PDGF-BB Delays Degeneration of the Intervertebral Discs in a Rabbit Preclinical Model.

Abstract

Preclinical animal study. Determine the in vivo effects of platelet-derived growth factor BB (PDGF-BB) delivered in a thiol-modified hyaluronic acid (TMHA) hydrogel on intervertebral disk (IVD) degeneration. IVD degeneration is a worldwide health concern and remains without an effective treatment.
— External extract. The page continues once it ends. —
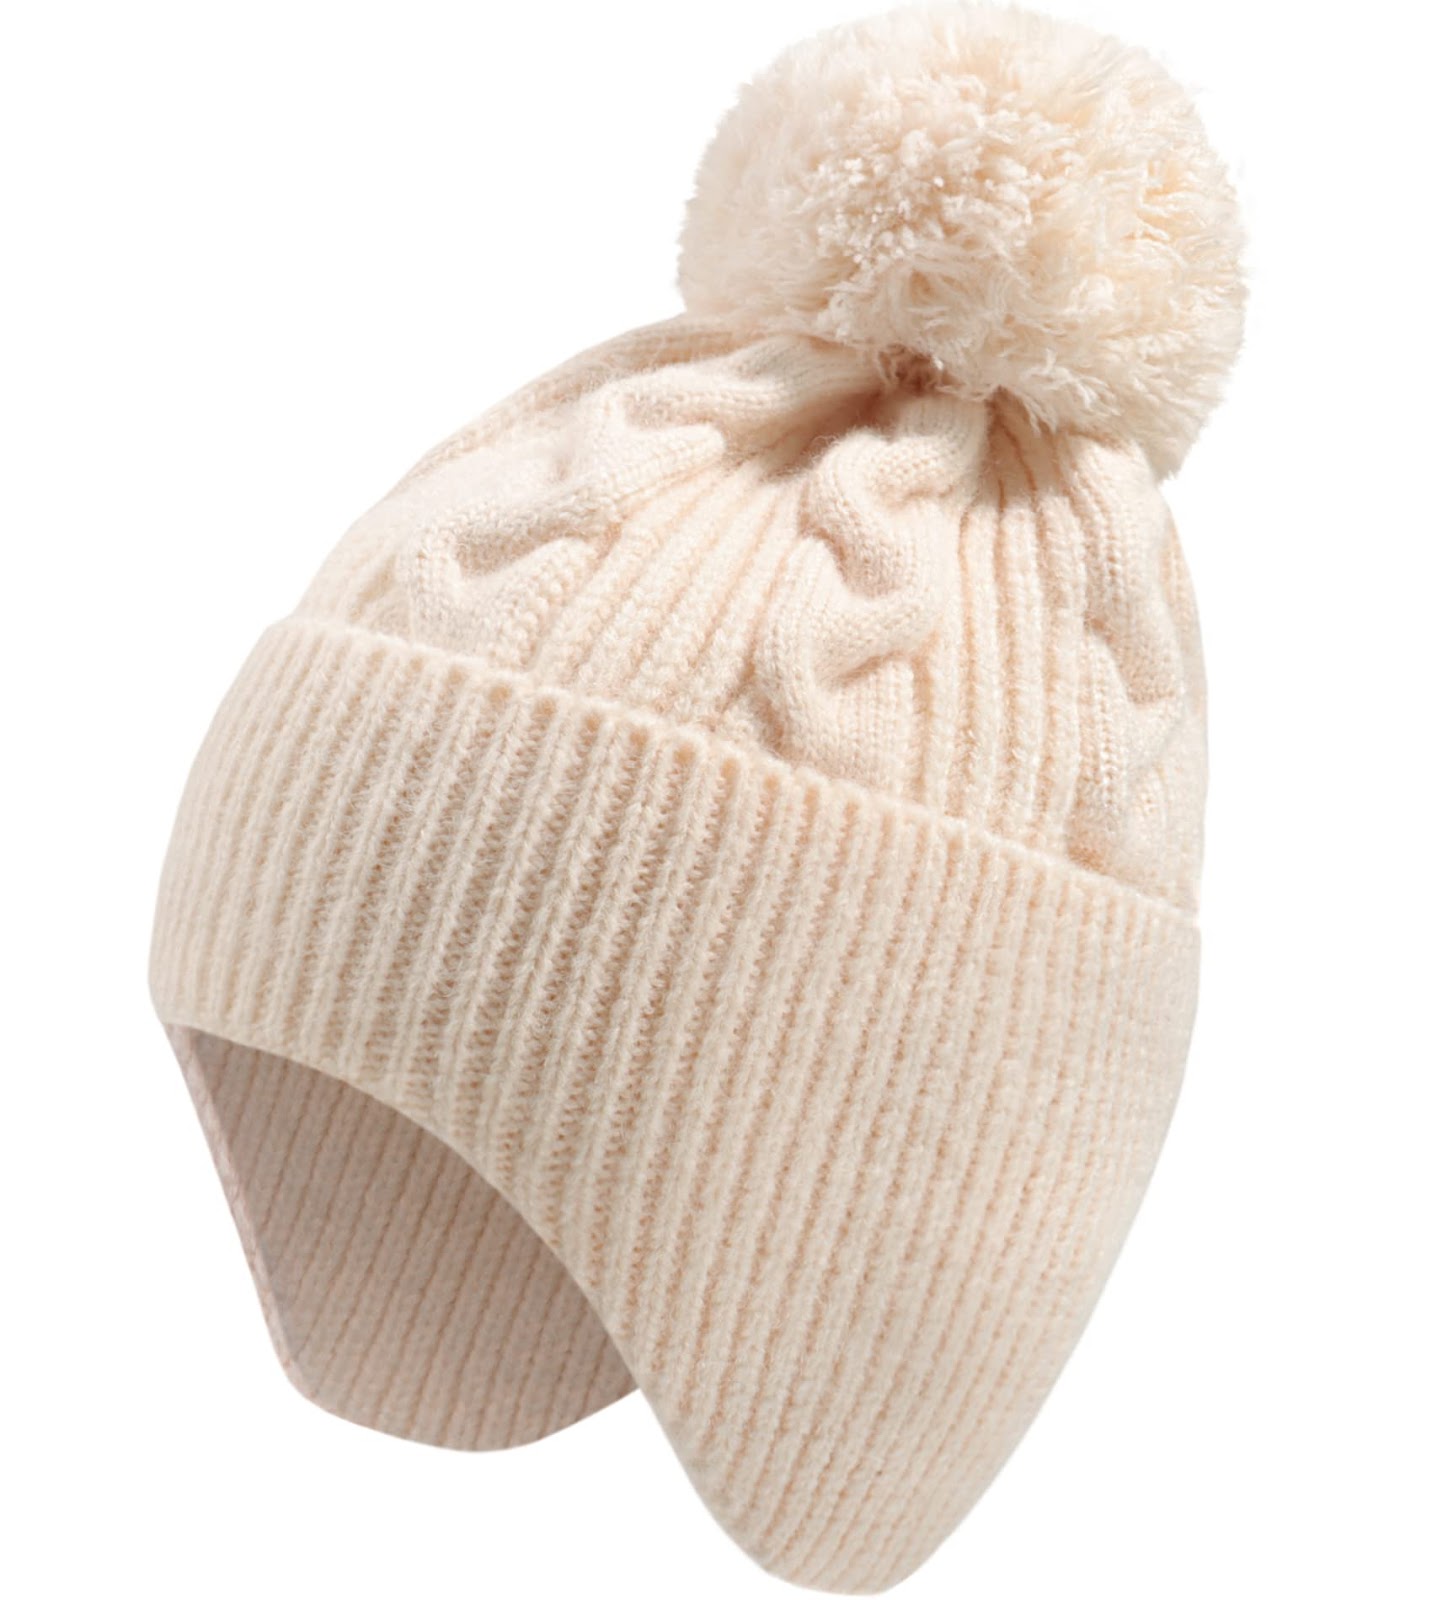 KMOLY Womens Winter Knitted Beanie Hat with Pom Pom Slouchy Warm Skull Cap Beanies with Earflaps for Women Beige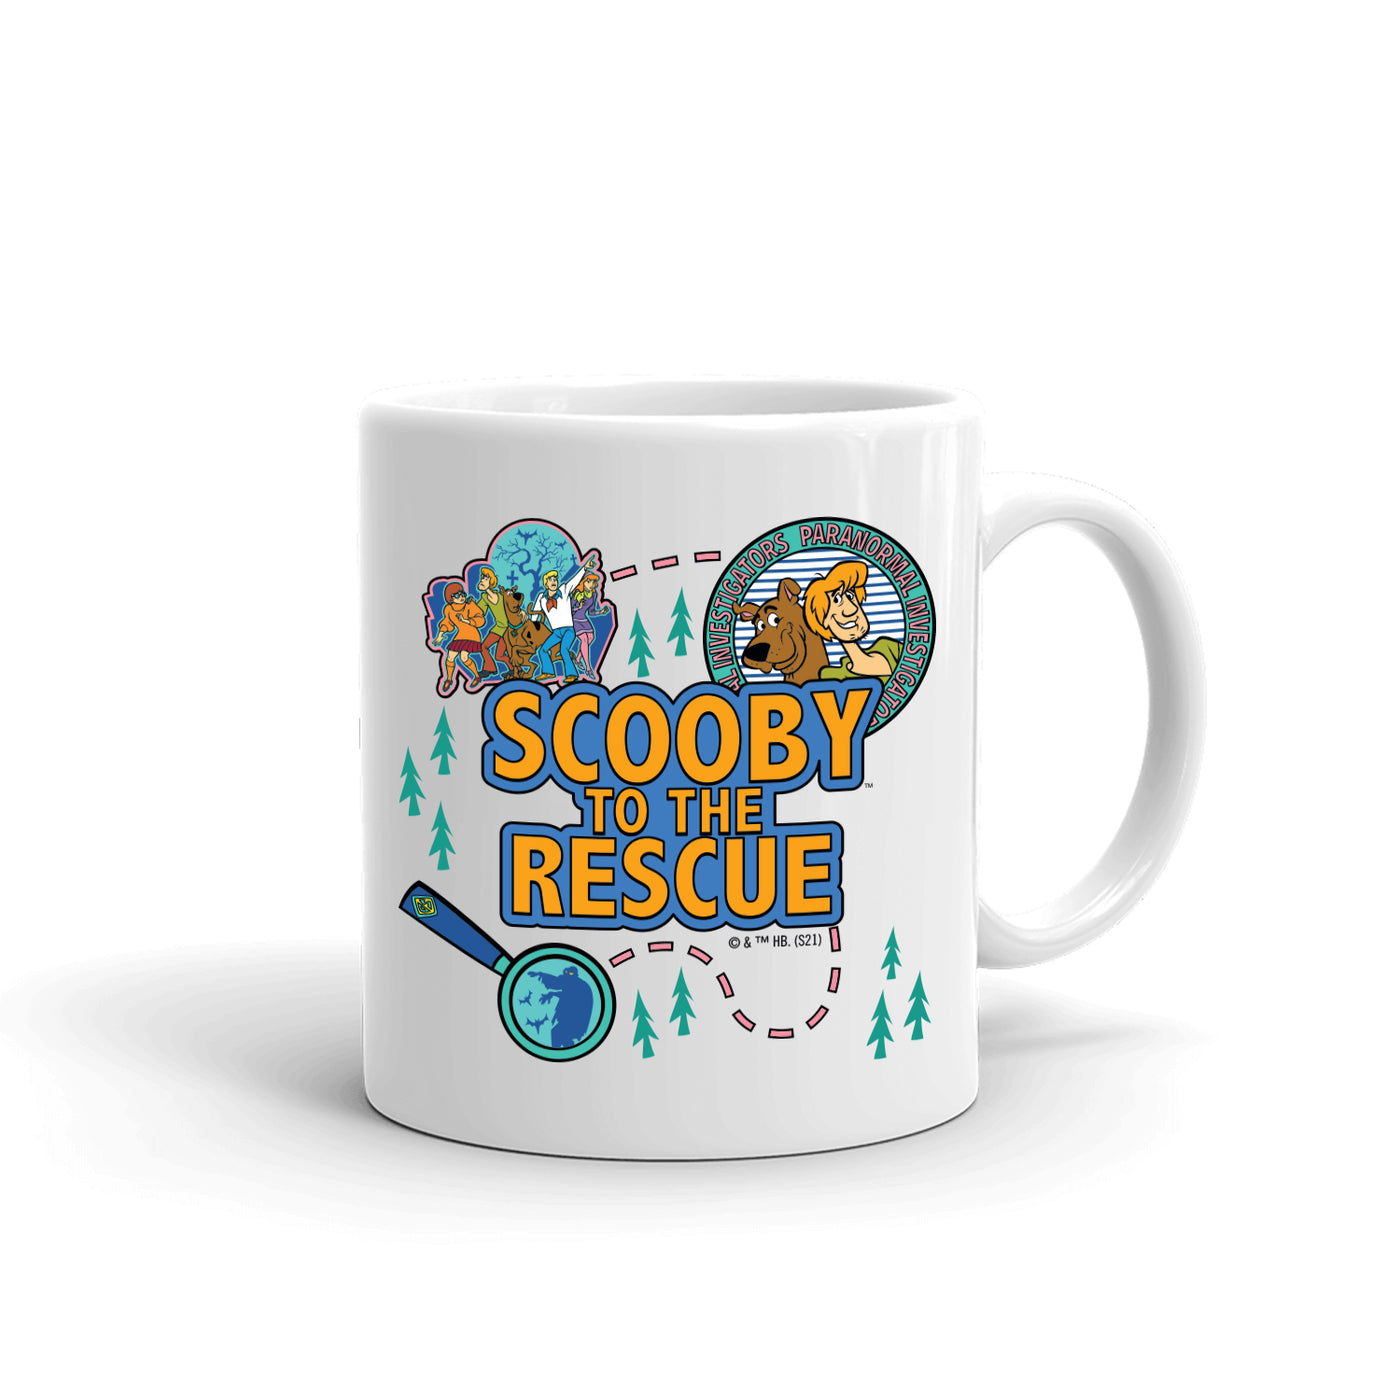 Scooby-Doo Scooby to the Rescue White Mug

Several in vitro studies have demonstrated the potential of PDGF-BB, a primary component of platelet-rich plasma, as a therapy for IVD degeneration. Our hypotheses were that treatment of injured IVDs with PDGF would inhibit degeneration and that administration of PDGF in a TMHA hydrogel would improve its efficacy. IVD degeneration was induced using the rabbit annular puncture model. Four weeks after injury, IVDs were treated with either PDGF-BB or PDGF-BB delivered within a TMHA hydrogel. The efficacy of treatment was determined using x-ray, MRI, histology, and biomechanical testing. At 4 weeks after treatment, cell apoptosis and deposition of matrix containing type III collagen a1 (Col3a1) was demonstrated in both the nucleus pulposus and annulus fibrosus, while this was inhibited by PDGF. At 8 weeks after treatment, disc area and MRI indices of injured IVDs treated with PDGF were significantly higher (P < 0.05) than those treated with the TMHA alone. Similarly, degenerative scores for saline- and TMHA-treated IVDs demonstrated significantly more degeneration (P < 0.05) than PDGF-treated IVDs at 8 weeks. Biomechanical assessments found fewer indicators of degeneration in PDGF-TMHA-treated IVDs at both 4 and 8 weeks post-treatment, compared to saline-, TMHA-, and PDGF-only-treated IVDs. Both PDGF- and PDGF-TMHA-treated IVDs also demonstrated a significant increase (P < 0.05) in compressive strength to failure, compared with controls at 8 weeks post-treatment. The results of this study suggest that PDGF-BB significantly decreases disc degeneration and when delivered in a TMHA gel scaffold, helps prevent both apoptosis and Col3 matrix production, while maintaining disc structure and biomechanical function. NA.